Doom looked up from his reading, grim-faced. Without a word, he pulled the huge knife from its sheath, and put it on the table.

North … to south, east … to west … lines … map …

Lief placed the straight edge of the knife across the map and using it as a ruler, drew a line between Dragon’s Nest and the Isle of the Dead. Then he moved the knife and ruled another line between Shadowgate and Del.

Everyone had crowded around now. The tale of the Four Sisters was being passed from hand to hand, and all those who had finished it were staring at the completed map, and at the lines Lief had drawn—the lines that crossed at the place marked ‘Hira’.

Danger … Fearful … Here …

‘Josef did not say “here”, but “Hira”,’ Lief breathed aloud. ‘The danger he was trying to warn me of was not the Sister of the South at all. It was an even greater peril, hidden in the centre of Deltora. In the City of the Rats.’

‘I have always wondered why the people were driven out of the City,’ Doom muttered. ‘The Shadow Lord could have enslaved them where they were, if he had wished. But now I see. He wanted the City for his own purpose.’

‘It was the place he wanted,’ Lief said. ‘The place where the Sister song lines would cross.’
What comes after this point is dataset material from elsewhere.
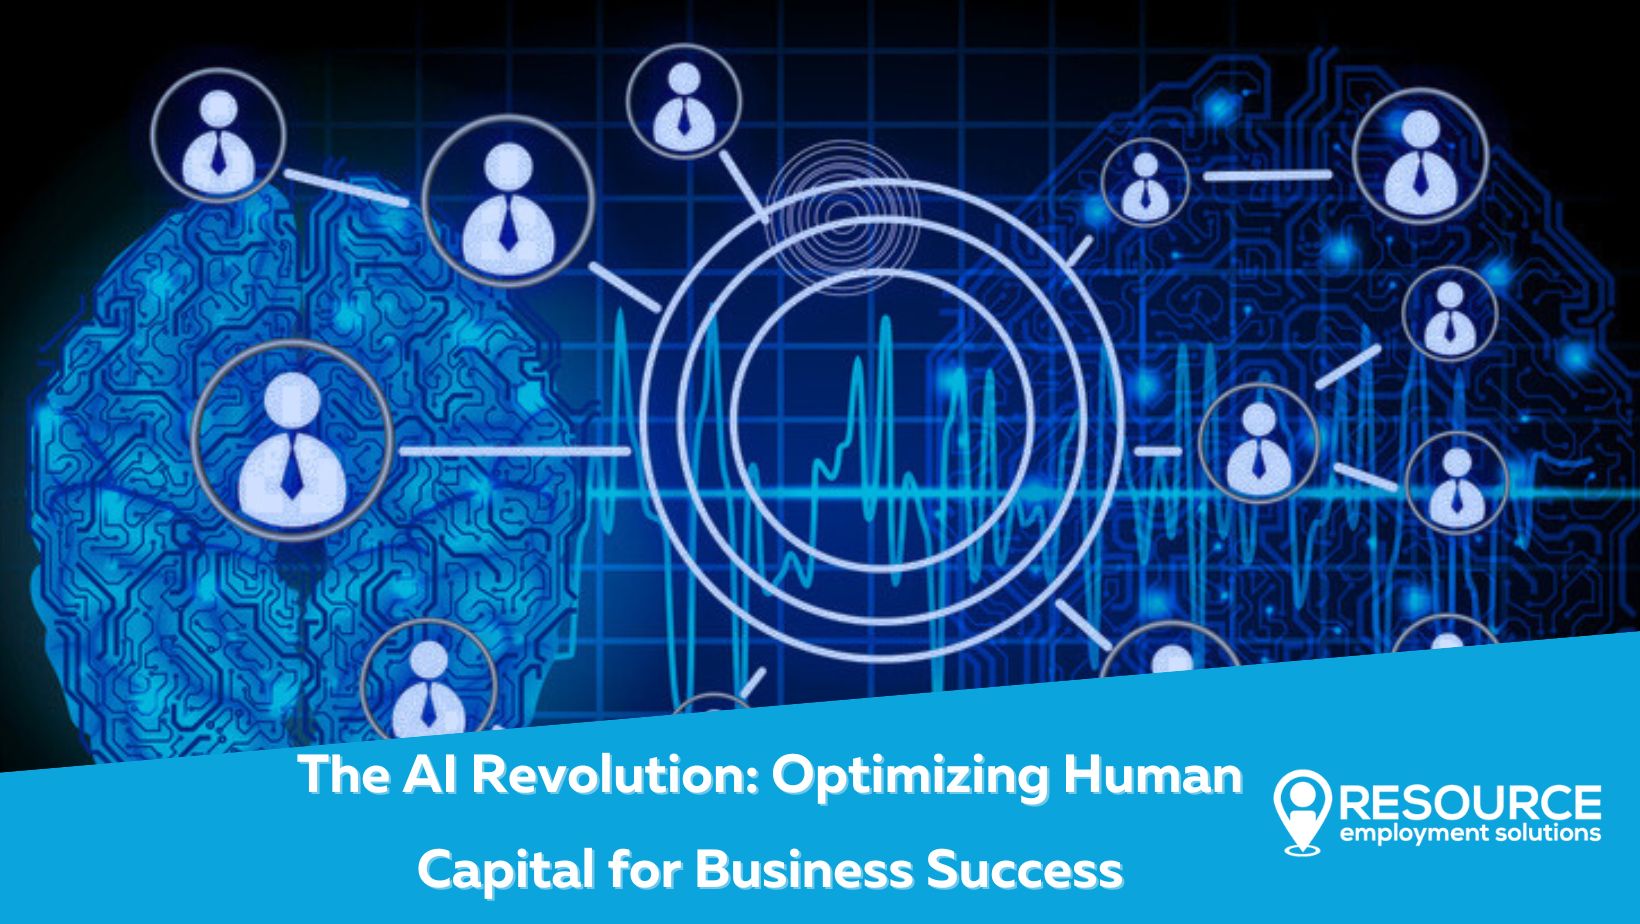 The AI Revolution: Optimizing Human Capital for Business Success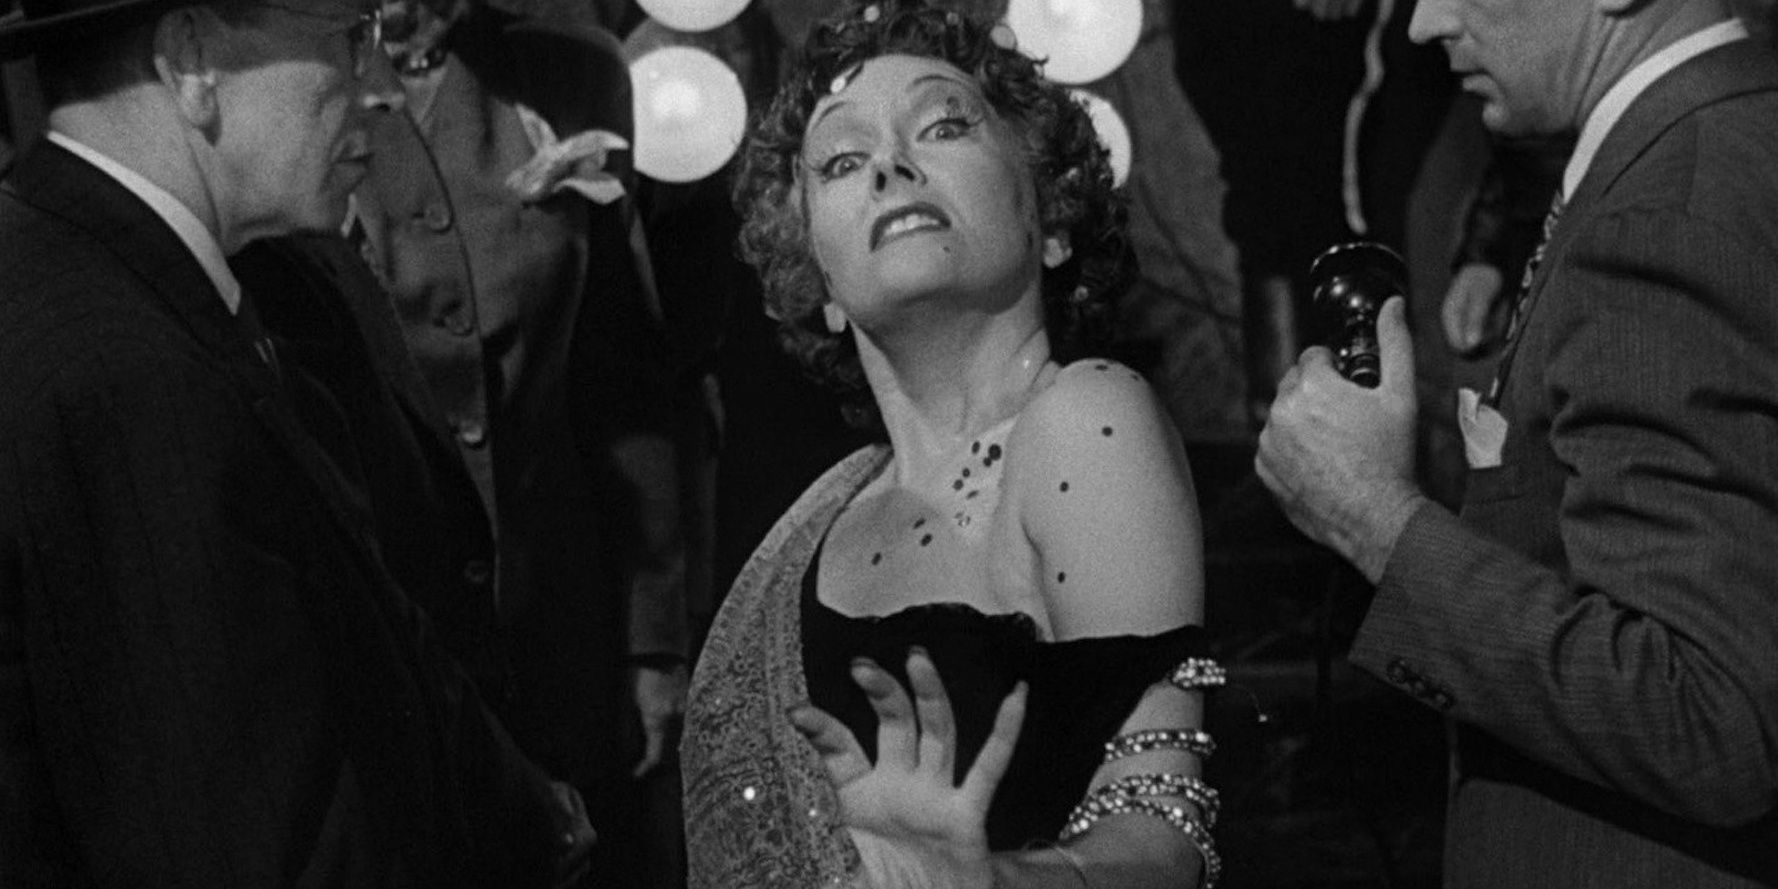 Norma Desmond looking into the camera as the press swarm

Ranesh ran into the room, a paper in his hand. His face looked bleached. His eyes were wild.

‘There was something in Josef’s tunic!’ he panted. ‘It—’

Then he saw the map fragments lying on the table and put his paper down beside them. As Lief had expected, it was a copy of Doran’s Dragon Territories map. The positions of all the Sisters had been marked, in Josef’s handwriting. And between them Josef had ruled the same lines that Lief had just drawn—lines crossing in the territory of the opal, at Hira, the City of the Rats.

Lief pressed his hands together, trying to stop his hands from trembling.

‘This was what Josef wanted me to see,’ he said. ‘He summoned me so urgently not to help me destroy the last Sister as I thought, and as Paff thought, too, but to stop me. He knew that if the voice of the last Sister was silenced, a terror worse than hunger would be unleashed upon Deltora.’

‘So now we know why the Sister of the South was so easily destroyed,’ Jasmine said quietly. ‘With the other three Sisters gone, and the Bone Point Light restored, the Shadow Lord’s game of starving us was all but over. He was impatient to spring his trap. He withdrew the last Sister’s power, and abandoned Paff to fight on alone.’